Even small deviations in several indicators are more important than a strong deviation in one.

How the indicators are related to each other

How the indicators are related to each other

Everything starts with glucose — the central source of energy.

Step 1. Decreased utilization. Glucose rises to 5.3–5.6 mmol/L — muscles use it less effectively.

Step 2. Insulin compensation. Insulin increases to 12–18 μU/mL to maintain the level.

Step 3. System instability. HbA1c rises to 5.6–5.8% — fluctuations appear.

Step 4. Energy redistribution. Triglycerides rise above 1.5–2.0 mmol/L — excess is stored as fat.

Step 5. Metabolic overload. Uric acid rises above 350–420 μmol/L — excretion worsens.

Step 6. Regulation failure. Vitamin D decreases below 30–40 ng/mL — the system loses stability.

These are not separate disorders, but a single chain.

What the system looks like in normal conditions

  • glucose — 4.6–5.0 mmol/L;
  • insulin — 4–8 μU/mL;
  • HbA1c — 5.2–5.4%;
  • triglycerides — up to 1.0–1.2 mmol/L;
  • uric acid — up to 300–320 μmol/L;
  • vitamin D — 40–60 ng/mL.

This is a state in which energy is used efficiently, and the system is not overloaded.

What early dysfunction looks like

  • glucose — 5.2–5.4 mmol/L;
  • insulin — 10–14 μU/mL;
  • HbA1c — 5.5–5.7%;
  • triglycerides — 1.3–1.7 mmol/L;
  • uric acid — 320–380 μmol/L;
  • vitamin D — 25–35 ng/mL.

At this stage, symptoms are often absent, but the system is already working under overload.

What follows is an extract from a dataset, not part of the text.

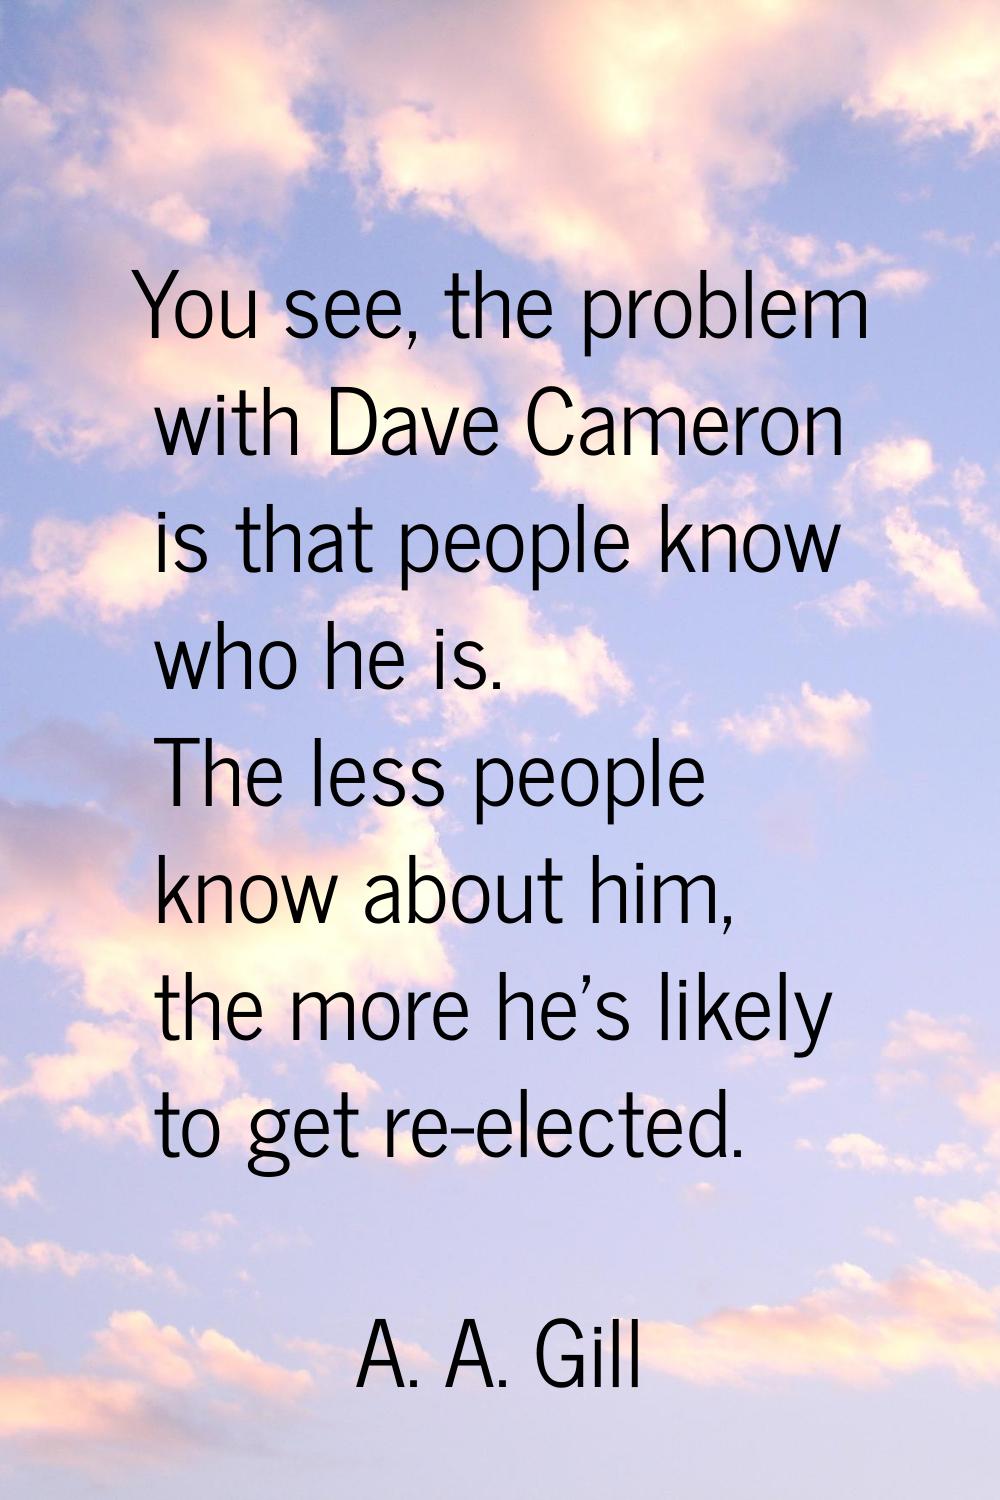 You see, the problem with Dave Cameron is that people know who he is. The less people know about hi

What pronounced overload looks like

  • glucose — 5.5–6.0 mmol/L;
  • insulin — 14–20+ μU/mL;
  • HbA1c — 5.7–6.0%;
  • triglycerides — above 1.7–2.5 mmol/L;
  • uric acid — above 380–450 μmol/L;
  • vitamin D — below 25–30 ng/mL.

This is already a systemic disorder of energy metabolism.

Conclusion

The metabolic map is a way to see not just individual numbers, but a holistic system. It allows us to understand where the dysfunction begins: at the level of utilization, signaling, processing, or regulation. This approach enables us to identify problems earlier than they become diseases.